Ditch the Car

Cars. They appear to be everywhere, and everyone seems to have one. It would seem a given that one needs a car. But does anyone really need a car?

Cars are transportation. They provide the ability to move about in poor weather conditions. They allow one to come and go as one pleases. One can travel great distances with a car. One doesn't have to wait for a bus or a train. One doesn't have to mix with other people on public transit. One can do grocery shopping, and not have to worry about how to carry all of the bags home. One can transport lumber or other home repair supplies. One can transport kiddies to and from school, to and from sports games, to and from friends' homes, etc.

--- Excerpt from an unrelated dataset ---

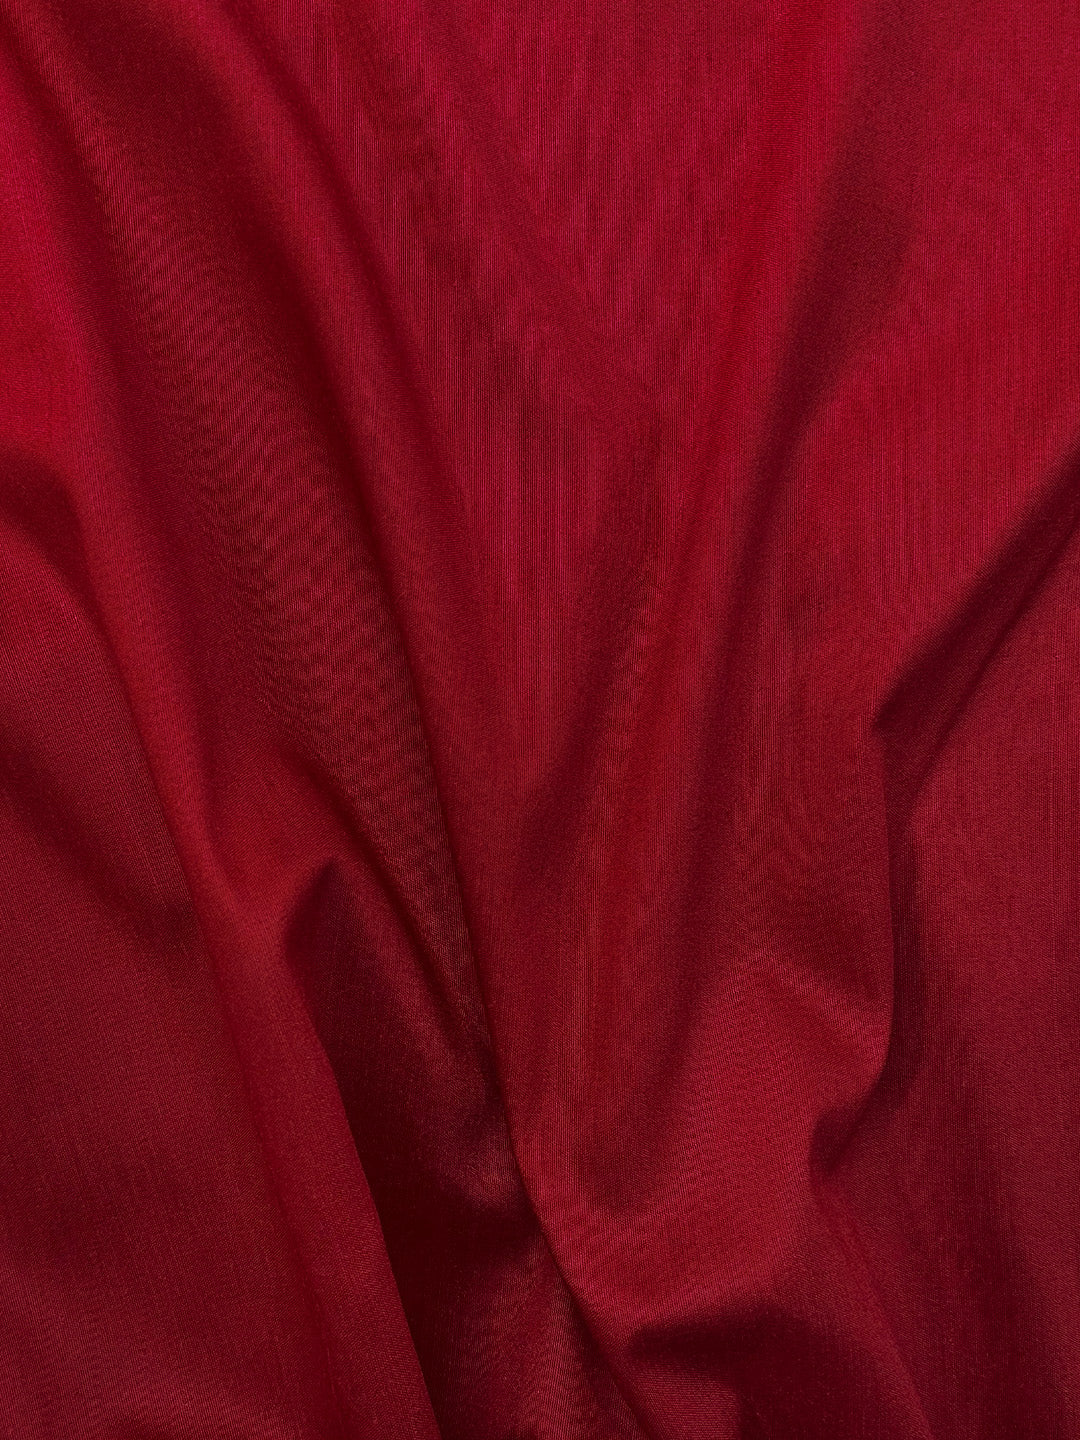 Banarasi collared kurta with zari placket and afghani pants- scarlet red

Why walk when one can drive? Maybe after the closer errand is finished, one will want to go somewhere else, and then one is already in the car, so it's easy. Why cycle when one can drive? Cycling in the street is dangerous, and cycling on sidewalks in some areas is illegal. One can't carry as much when walking or cycling. And if the weather is poor, why would anyone want to be exposed to the elements? Why take the bus or the train when one can drive? One has to buy a ticket for a bus or a train, and then wait for the arrival, and then travel with other people, and then there isn't so much control over one's own schedule.

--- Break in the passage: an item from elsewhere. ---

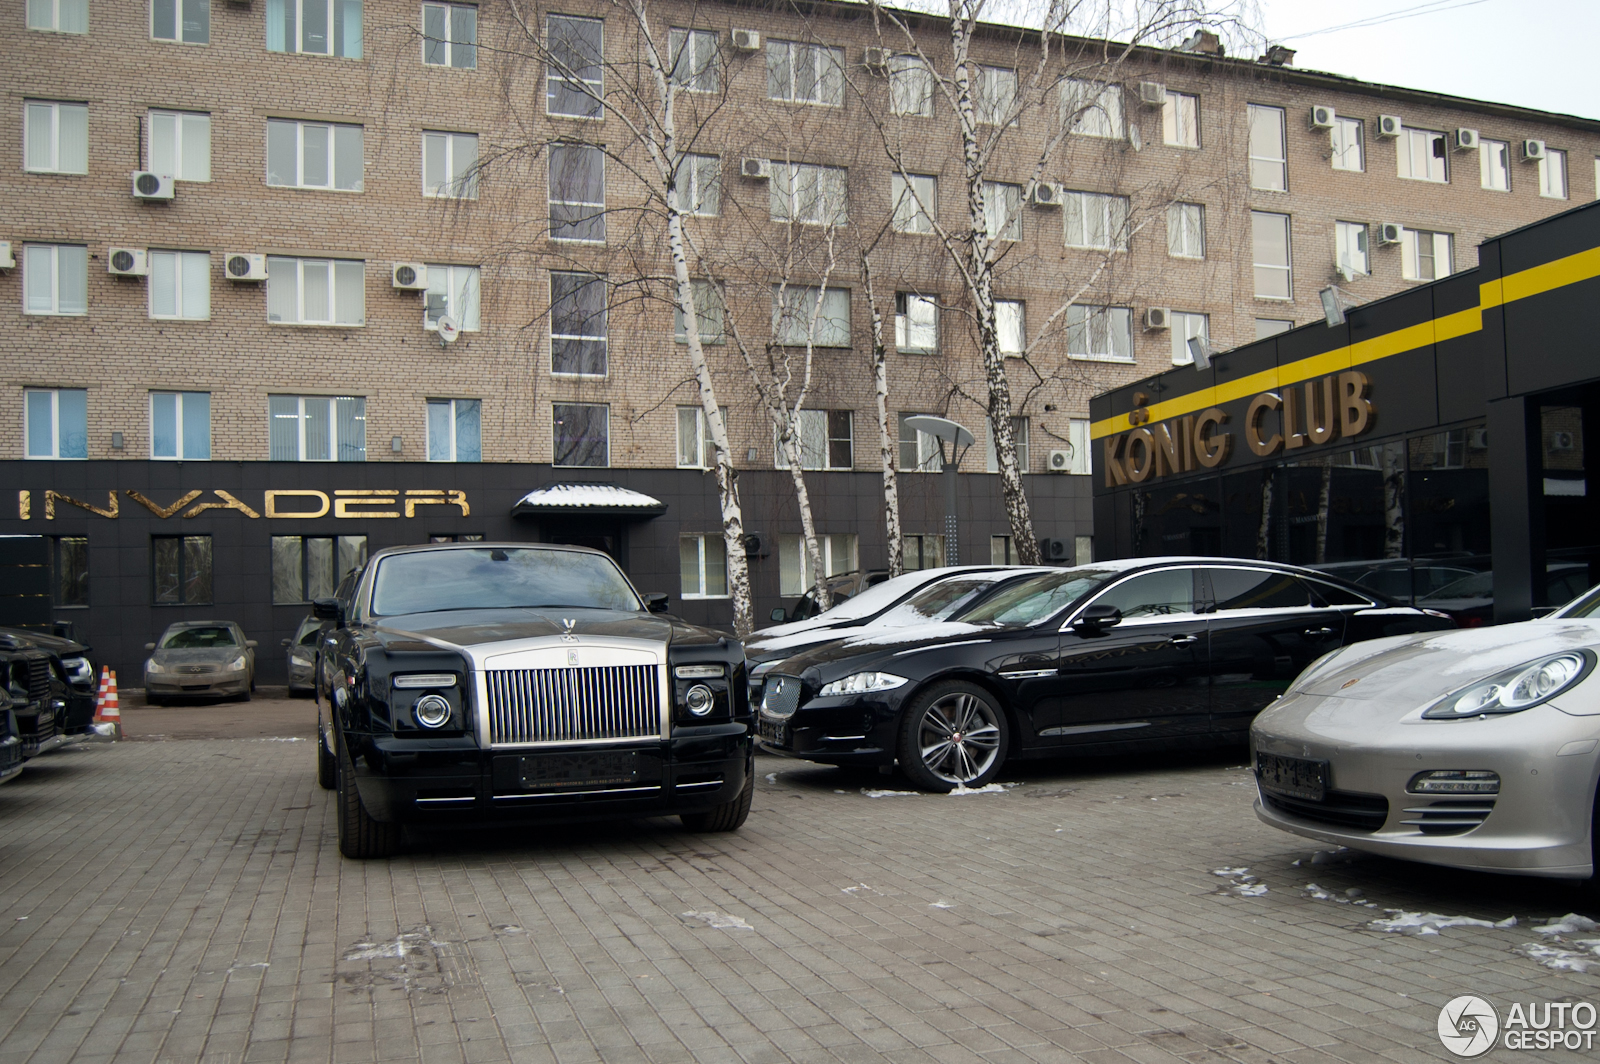 Moskou 2012: Lifestyle & Supercars bij de König Motor Club

Honestly, I think an automobile is an amazing creation. I am fascinated how people came to develop such a machine. What I am questioning is how the car has become so unquestionably apart of most societies around the world; and I want to look at how cars really affect our lives. I would like to suggest that it is simply not necessary for everyone to own a car, and that if we shift our perspectives, we can see how leaving the "freedom" of a car behind, can greatly benefit ourselves and our communities.

I live in a port city, and I get to see the shipments of vehicles delivered, waiting at the harbour. There are car lots from different dealers, lining a good part of one long, busy road in town. Ford, GMC, Chrysler/Fiat, Volkswagen/Audi, Honda, Hyundai, Chevy, Dodge, Toyota, etc. New car dealers, with lots full, rows of brand new pick-up trucks and SUVs, shining and looming large. Then there are the used car dealerships along the same road, lots full of vehicles.

Can you imagine what goes into the process of making just one vehicle? What its parts are made of? How the materials are obtained? And then what type of facility must have been built in order to make these cars? How large it must be, and what land must have been bulldozed over to make space for it? Can you imagine how the materials are gotten? And then how those materials are transported to facilities where parts are made? How many people are involved in along the process of putting one car together, and how much of the earth's materials are harvested? What is the waste involved throughout the process? And then, once the car is put together, how does one get it from the factory to the lot to be sold?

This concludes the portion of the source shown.